Proseguendo nella lettura, l’irrilevante descrizione bucolica e rurale del paesaggio lascia spazio a un’ancor più marginale narrazione romantica e pietista, volta a tracciare un quadro della vittima per cui la morte proprio non se la meritava, come se esistessero vittime che, invece, ne sono meritevoli. Concentrarsi sull’aspetto fisico, descrivere uno stile di vita sano ed equilibrato, porre l’accento sulle virtù di una ragazza per fugare i dubbi circa possibili provocazioni e descrivere l’assassino come una scimmia cattiva, o perfino come un “padre di famiglia” e un “amante dei motori”, anziché come un criminale sono parte di una narrazione distorta dell’ennesimo femminicidio.

E anche chi tenta di tirarsi fuori da questa palude viscosa e soffocante spesso ne esce talmente corrotto da non rendersene conto. È il caso degli autori dei poster appesi in giro per le strade delle città che riportano scritte come: “Se resti in silenzio, stimoli il carnefice”; “Ammettere di avere un problema è il primo passo per risolverlo”; “Non soffrire in silenzio”. Chi mai penserebbe di scrivere “Se apri una gioielleria, stimoli i ladri”? E perché si chiede alle donne di risolvere i loro problemi, come il silenzio? Perché è così difficile ammettere che non è il silenzio, scambiato per mancata risolutezza d’animo, il problema?

Queste affermazioni infelici sono ovviamente accompagnate da foto di volti di donne tumefatti, perché finché non si giunge a essere sfigurate per la vita, non si è meritevoli di essere credute o tutelate.  

Purtroppo però, il sessismo è un pensiero subdolo e trasversale, oltre che un bias cognitivo che appartiene a tutti e a tutte; perciò, a perpetrare la favola in cui la vittima si fa carico di più colpe del suo carnefice non sono dunque solo gli uomini. Il 16 settembre 2021, la giornalista Barbara Palombelli, in diretta nazionale a Forum su Rete 4, incalza un commento sulla questione “femminicidi”: “Qui però parliamo della rabbia tra marito e moglie. Come sapete, negli ultimi sette giorni ci sono stati sette delitti. Sette donne uccise, presumibilmente da sette uomini. A volte è lecito anche domandarsi: questi uomini erano completamente fuori di testa, completamente obnubilati oppure c’è stato un comportamento esasperante e aggressivo anche dall’altra parte?”.

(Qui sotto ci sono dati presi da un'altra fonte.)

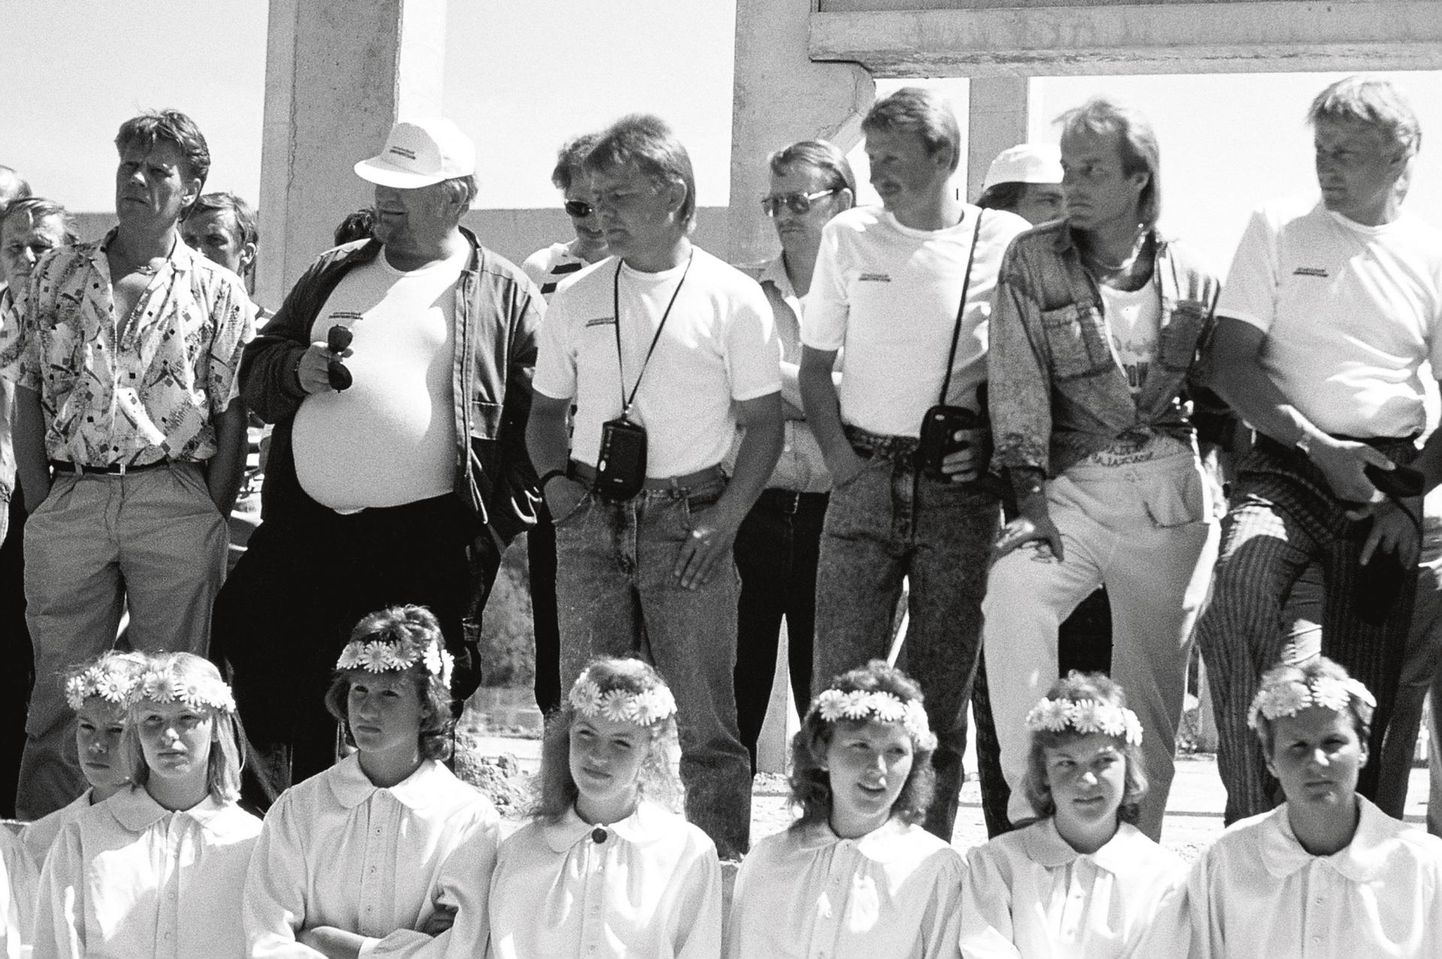 Soome ehitajad ja Eesti neiud Rakvere lihakombinaadi nurgakivitseremoonial 1988. aasta suvel.

Le proposizioni coordinate disgiuntive non sono scelte casualmente, ma presentano gli unici scenari possibili secondo l’immaginario comune.

Da una parte, la prima tesi fornita è quella secondo cui gli uomini che commettono femminicidio sono fuori di testa, privi del lume della ragione, vittime del furor e disconoscitori dell’αὐτάρκεια, impossibilitati a tenere a bada le passioni irrazionali. Questo altro non è che un esercizio di chiara, sana, deliberata e legittimata deresponsabilizzazione.

Degli esempi?

“Preso da un raptus”;

“Quello non è un uomo, è una bestia”;

“La colpa è della passione”;

“Disperato perché lei voleva lasciarlo”.

Queste sono solo alcune delle parole volte tutte, indistintamente, ad annullare le responsabilità personali, alienando completamente l’individuo, tramutandolo in alieno ed etichettandolo come errore di fabbrica di una società che sforna uomini modello.

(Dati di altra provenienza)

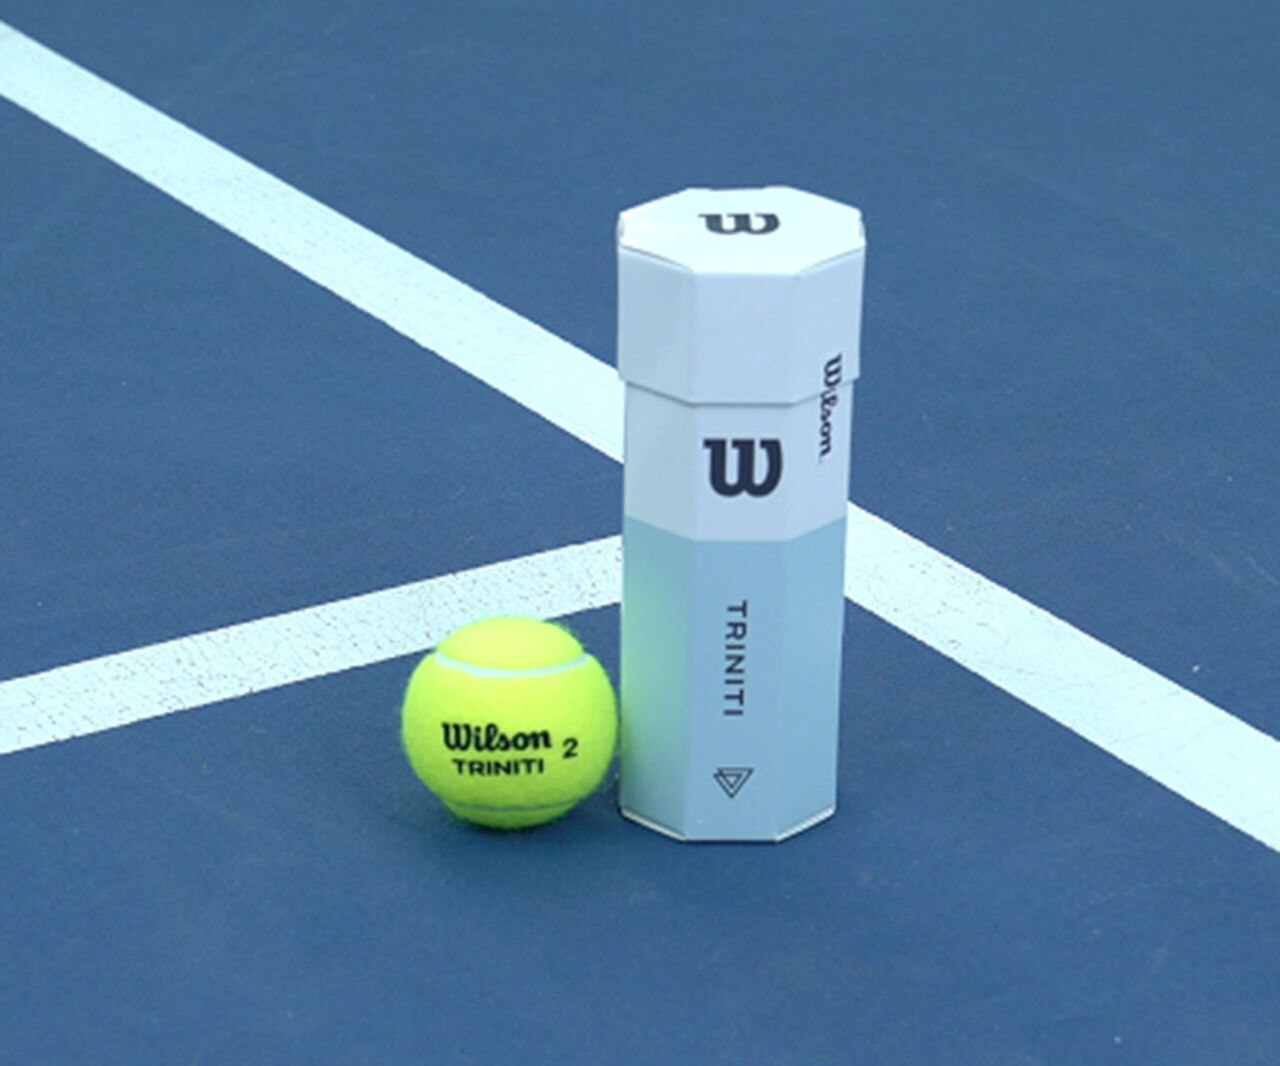 wilson-tennis-ball-1366x1138.jpg

La seconda opzione, invece, tira in ballo la responsabilità di chi di femminicidio ci muore e porta quindi a chiedersi, a detta di Barbara Palombelli, se non ci siano stati dei comportamenti che abbiano incitato a farsi mutilare della stessa vita. Non c’è da meravigliarsi se queste parole suonano familiari, sono le stesse della retorica del victim blaming (colpevolizzazione della vittima): “Se l’è andata a cercare”; “Però, se avesse evitato di…”. Ridurla a semplice colpevolizzazione della vittima in realtà è quasi farle un torto, perché non si limita a quello: si basa su una credenza popolare piuttosto in voga secondo cui è possibile evitare la violenza di genere e che rassicura chi invece fa la brava ragazza, perché a una brava ragazza queste cose non succedono. Brave ragazze a cui vengono inculcate le virtù della tradizione perduta, valori che non si applicano ai maschi e che riguardano solo ed esclusivamente la sfera femminile, i quali hanno il compito di rendere le ragazze la materia prima che verrà plasmata in manufatti artigianali chiamati “gentildonne”.

Tra le opzioni presentate però non figura l’unica valida: i femminicidi sono omicidi dolosi che non raccontano nulla né della vittima né del carnefice. Piuttosto, narrano di un sistema che permette e normalizza questo abuso, secondo uno schema sistemico e perpetuato. Quindi la responsabilità è solo di Barbara Palombelli? No, ovviamente. È anche di un sistema che si cela dietro e che sostiene le sue affermazioni. Un uomo che commette un femminicidio non è folle, non è stanco, non è malato: è un figlio sano di un patriarcato possessivo e invasivo che l’ha convinto che la donna sia di sua proprietà e che non possa vivere al di fuori del suo controllo. Indice di ciò è il fatto che, statistiche alla mano, il numero di femminicidi che avvengono ogni anno non diminuisce nel tempo. Mentre negli anni in Italia i reati legati alla criminalità si sono ridotti, quel numero rimane sempre invariato, perché i 130 femminicidi in media all’anno dipendono dalla cultura, che legittima l’uomo ad avere una reazione violenta, che in questo caso sfocia nell’omicidio, nei confronti della donna che rivendica la libertà di scelta sulla propria vita.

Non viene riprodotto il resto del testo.